▸ **WORK TASK**: Pictures should be left out while the data beneath this task is written out word for word.

▸ **DATA SECTION**:
·····
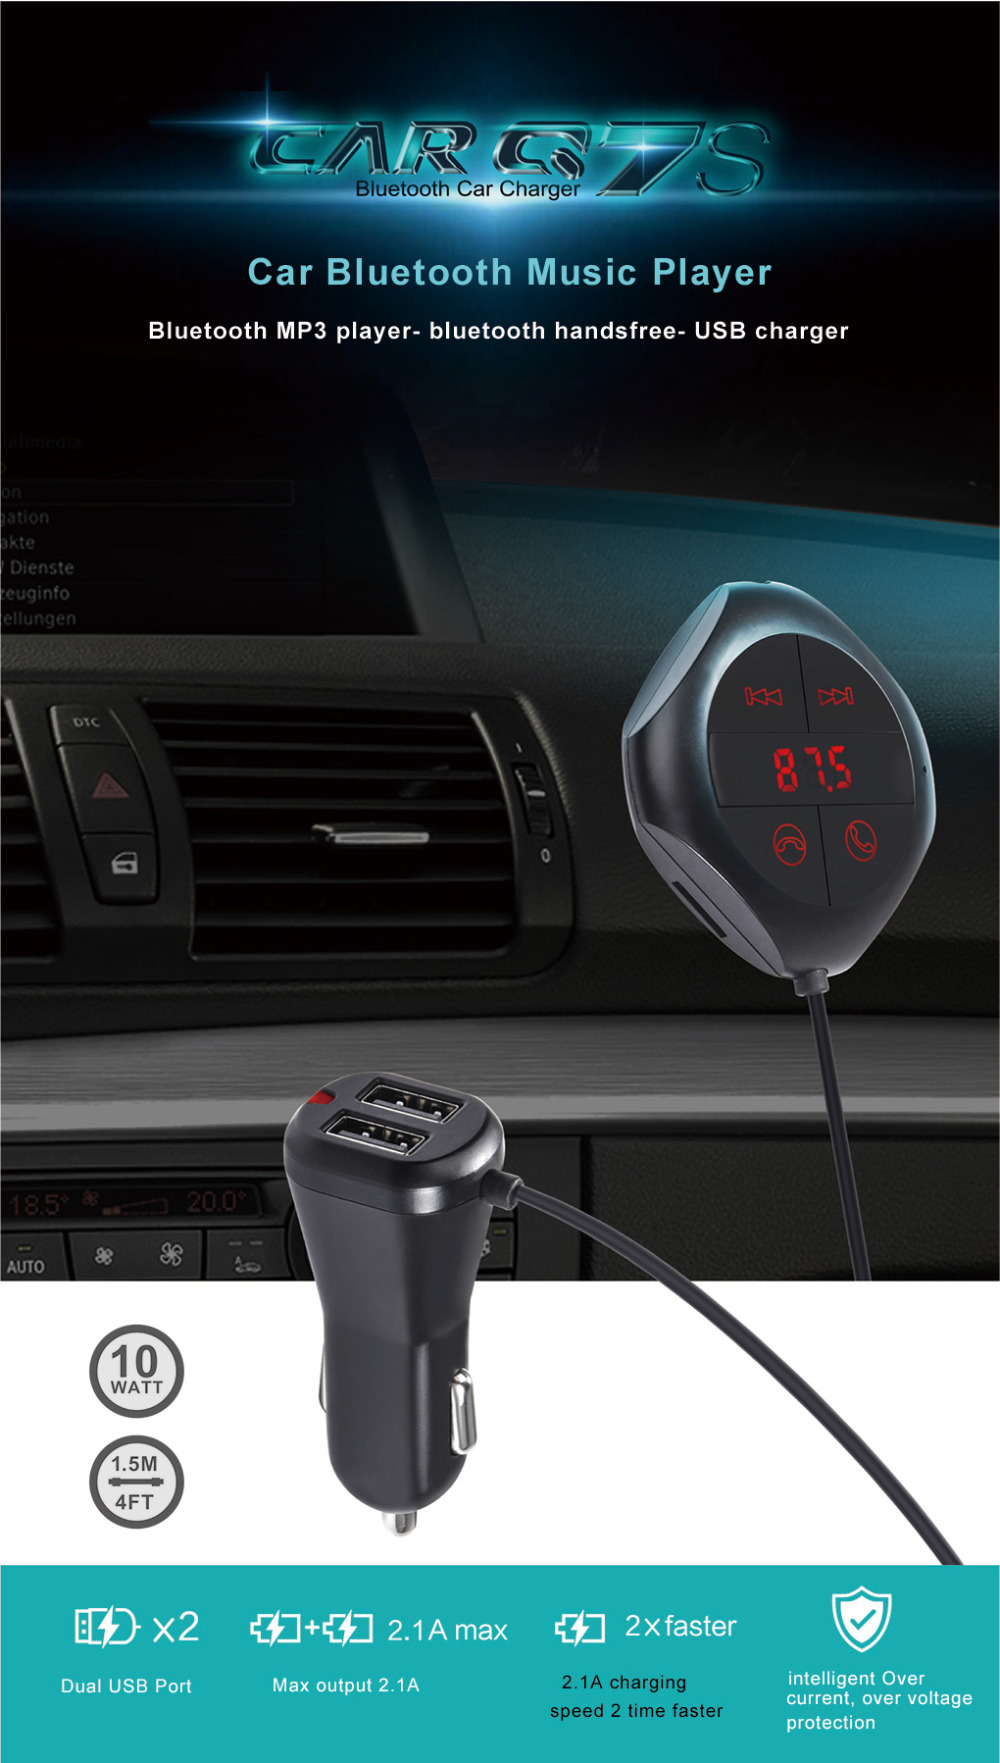 ที่ชาร์จในรถ Wireless Car Charger Q7S เป็นอุปกรณ์ สำหรับเชื่อมต่อกับเครื่องเสียงในรถยนต์ รุ่นที่ยังไม่มี Bluetoothโดยเราจะใช้ Q7S เป็นตัวรับสัญญาณบลูทูธเชื่อมต่อกับโทรศัพท์มือถือ หรือ อุปกรณ์ Smartphone,iPad และ Tablet ต่างๆและทำการส่งสัญญาณเสียง เข้าไปที่เครื่องเสียงรถยนต์ ทางช่อง FM ถึงแม้ท่านจะไม่มีเครื่องเล่น CD/MP3 ในรถ ก็สามารถแปลงเครื่องรับฟังวิทยุ FM ให้สามารถเล่นเพลง MP3จาก Smartphone ของท่านได้ และอีกความสามารถหนึ่งที่มาพร้อมกับการใช้งานเป็น Handsfree เพื่อรับสายโทรศัพท์ได้ มีช่อง USB สำหรับชาร์จ 2 ช่อง (1.0A , 2.1A) และ มีหน้าจอ LCD แยกออกมาติดที่หน้าคอนโซล เพิ่มความสะดวกในการมองเห็น build-in ด้วยเทคโนโลยี noise suppression (CVC) เพื่อลดเสียงรบกวนต่างๆ
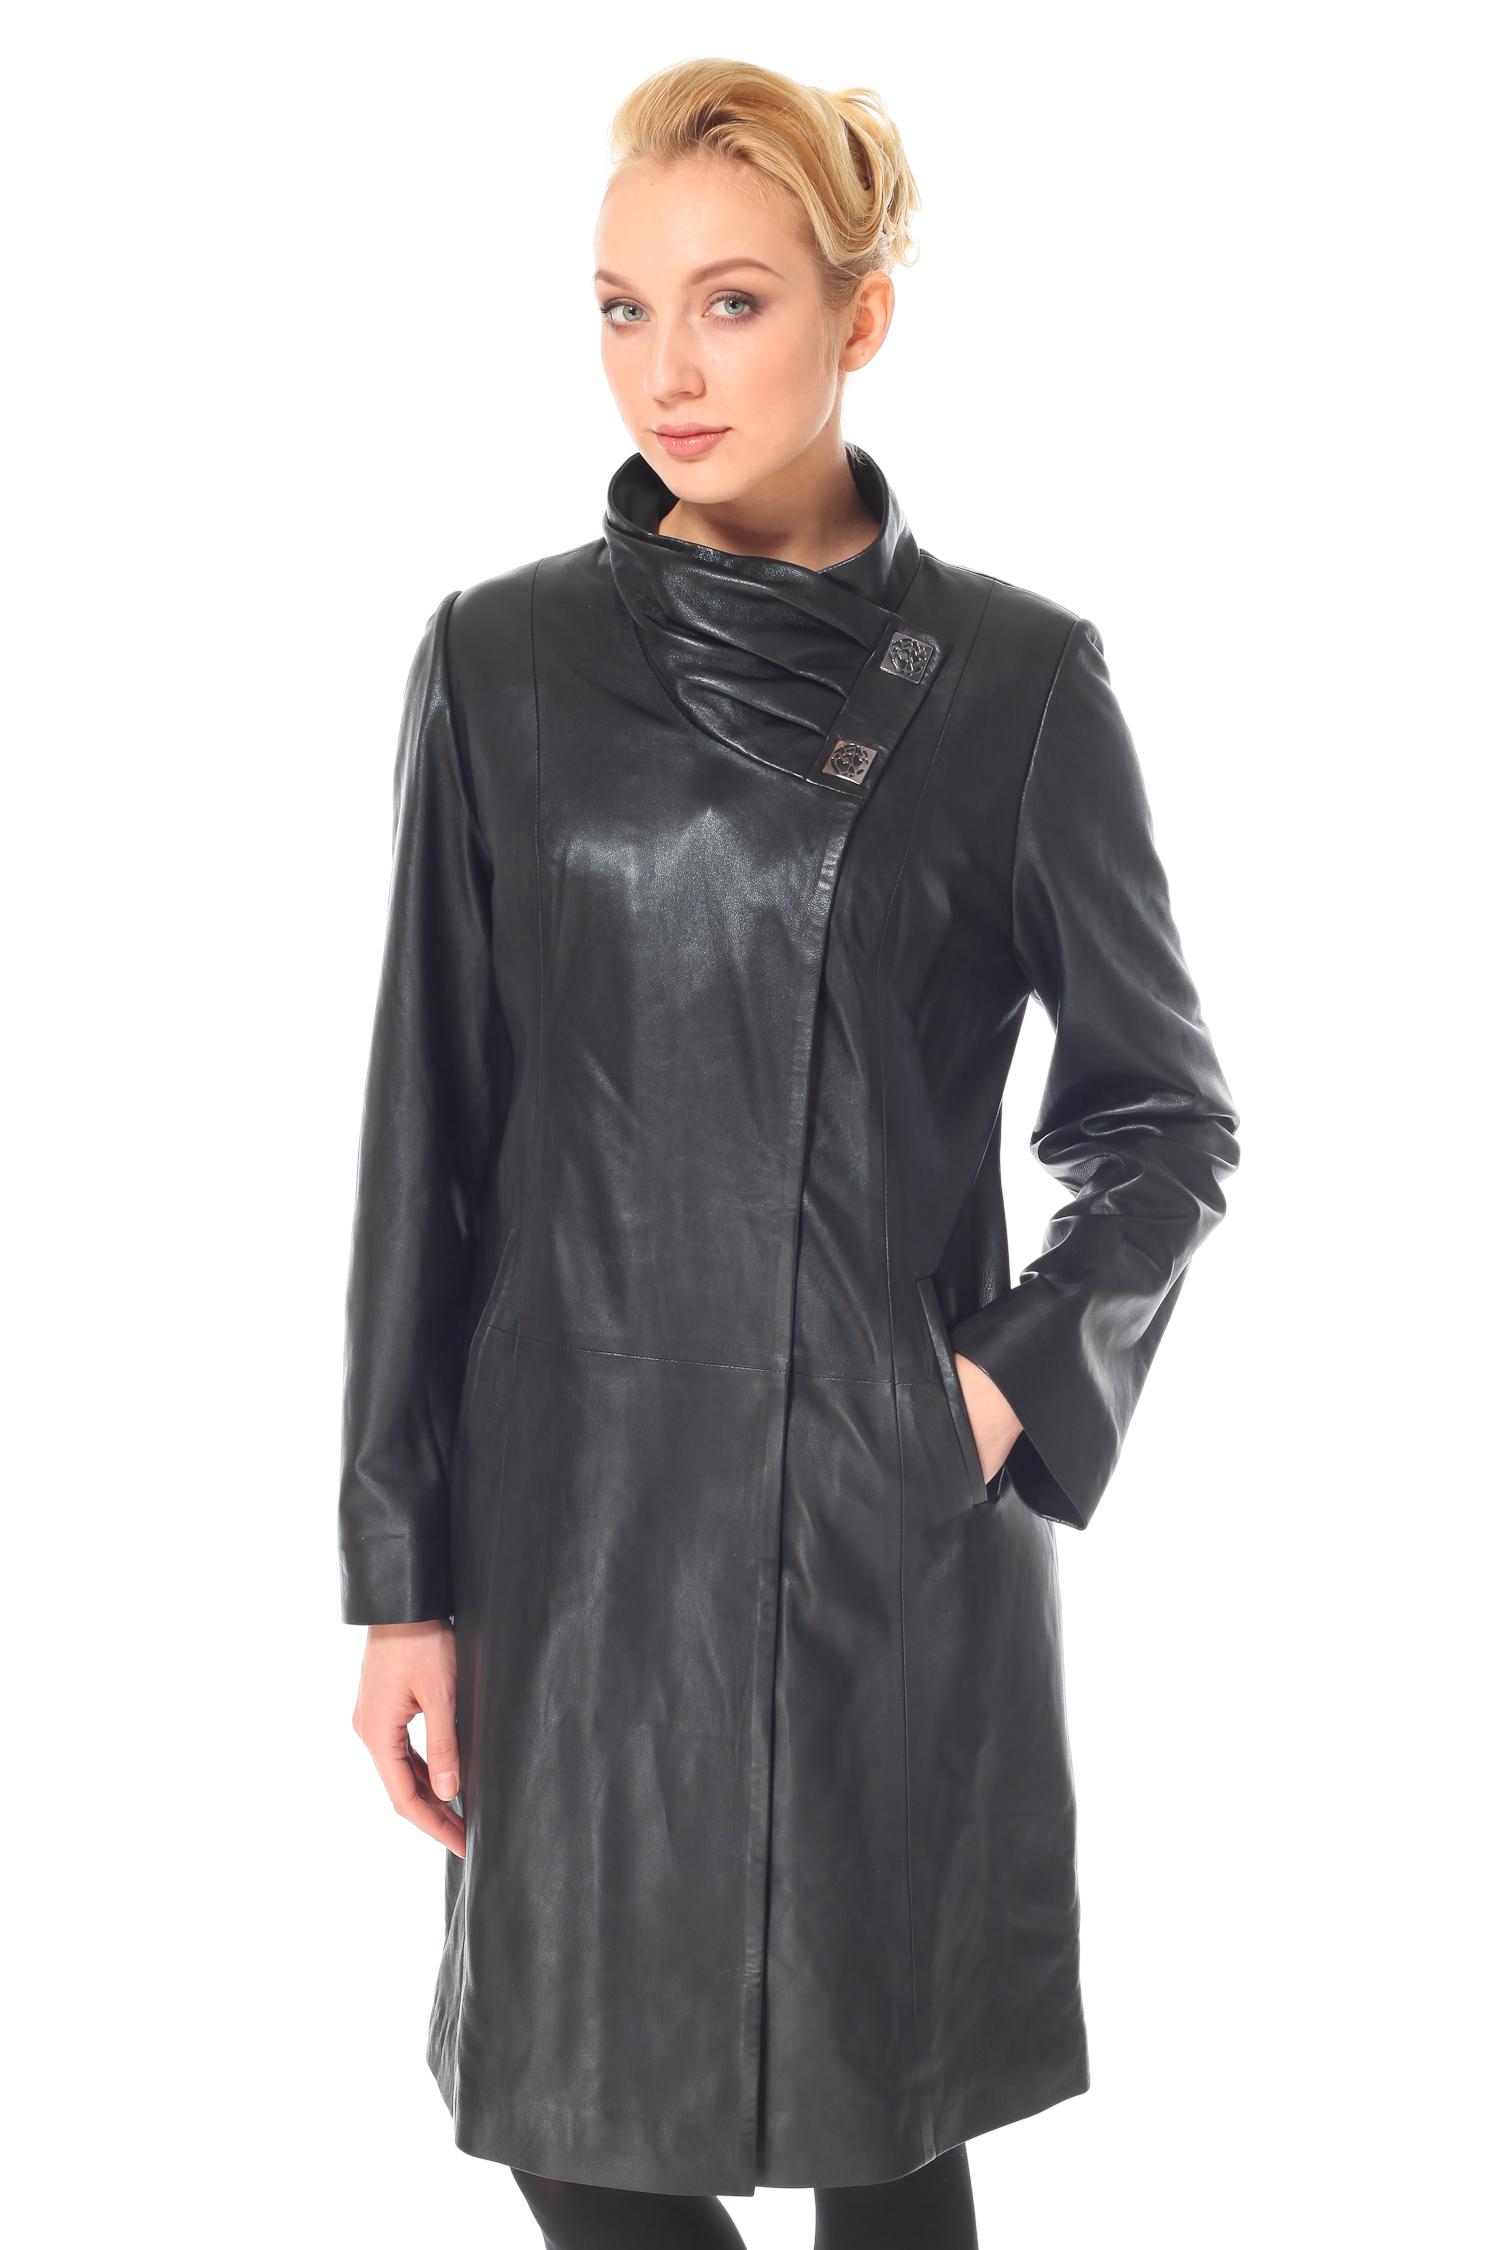 Женское кожаное пальто из натуральной кожи с воротником, без отделки<br><br>Воротник: Оригинальный<br>Длина см: 100<br>Материал: Натуральная кожа<br>Цвет: Черный<br>Пол: Женский
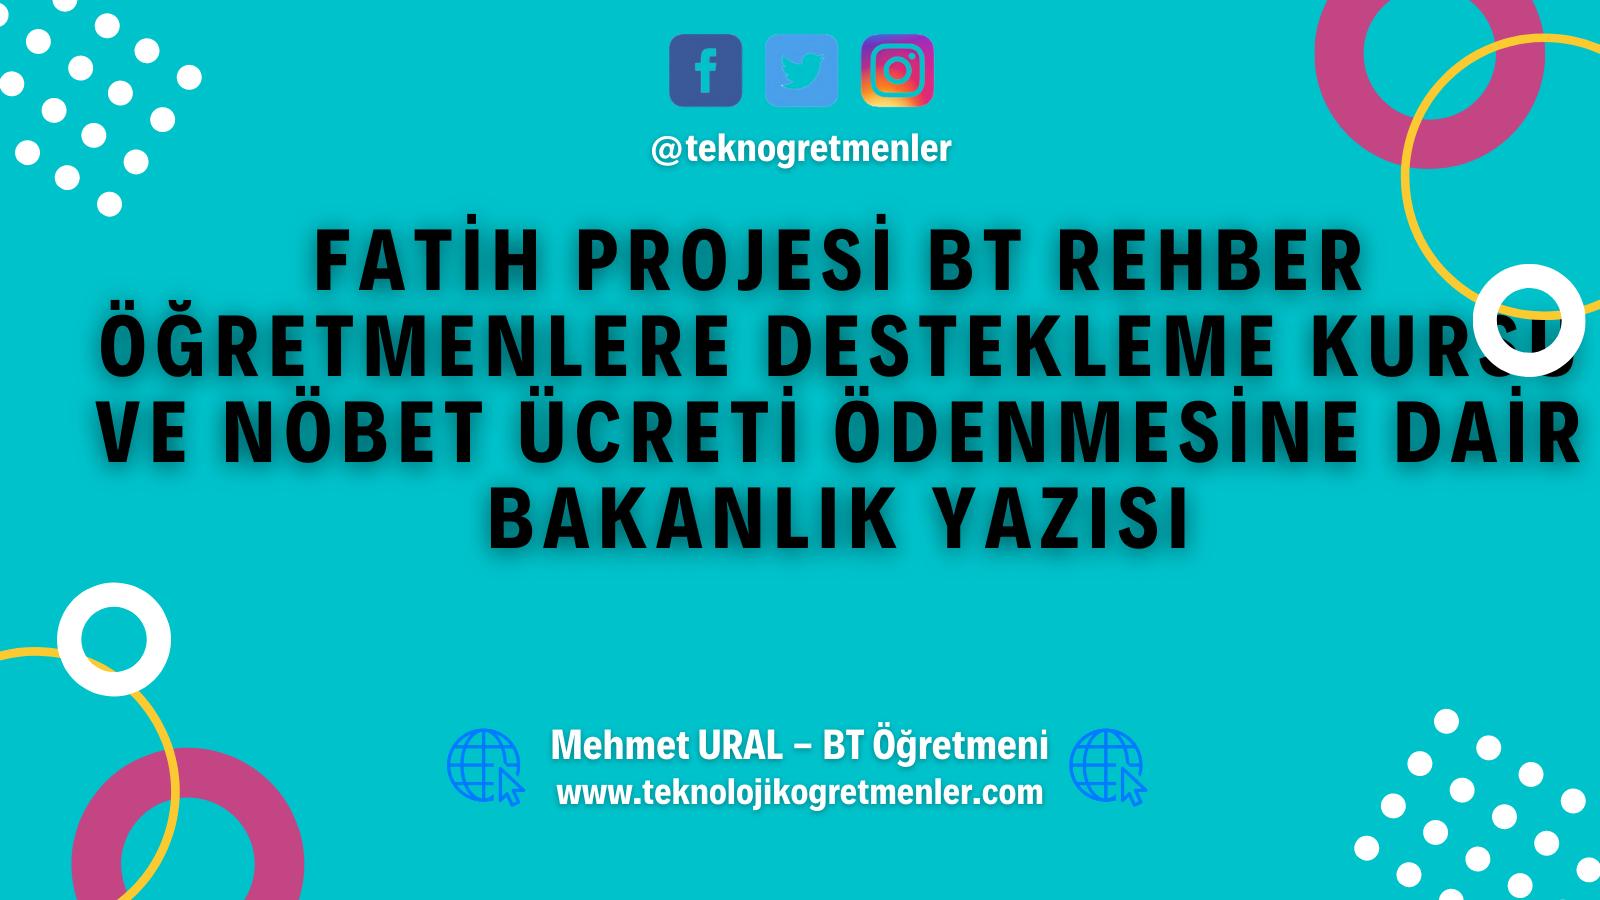 Fatih Projesi BT Rehber Öğretmenlere Destekleme Kursu ve Nöbet Ücreti Ödenmesine Dair Bakanlık Yazısı
·····
▸ **FINISHED TASK**:
 ที่ชาร์จในรถ Wireless Car Charger Q7S เป็นอุปกรณ์ สำหรับเชื่อมต่อกับเครื่องเสียงในรถยนต์ รุ่นที่ยังไม่มี Bluetoothโดยเราจะใช้ Q7S เป็นตัวรับสัญญาณบลูทูธเชื่อมต่อกับโทรศัพท์มือถือ หรือ อุปกรณ์ Smartphone,iPad และ Tablet ต่างๆและทำการส่งสัญญาณเสียง เข้าไปที่เครื่องเสียงรถยนต์ ทางช่อง FM ถึงแม้ท่านจะไม่มีเครื่องเล่น CD/MP3 ในรถ ก็สามารถแปลงเครื่องรับฟังวิทยุ FM ให้สามารถเล่นเพลง MP3จาก Smartphone ของท่านได้ และอีกความสามารถหนึ่งที่มาพร้อมกับการใช้งานเป็น Handsfree เพื่อรับสายโทรศัพท์ได้ มีช่อง USB สำหรับชาร์จ 2 ช่อง (1.0A , 2.1A) และ มีหน้าจอ LCD แยกออกมาติดที่หน้าคอนโซล เพิ่มความสะดวกในการมองเห็น build-in ด้วยเทคโนโลยี noise suppression (CVC) เพื่อลดเสียงรบกวนต่างๆ
 Женское кожаное пальто из натуральной кожи с воротником, без отделки<br><br>Воротник: Оригинальный<br>Длина см: 100<br>Материал: Натуральная кожа<br>Цвет: Черный<br>Пол: Женский
 Fatih Projesi BT Rehber Öğretmenlere Destekleme Kursu ve Nöbet Ücreti Ödenmesine Dair Bakanlık Yazısı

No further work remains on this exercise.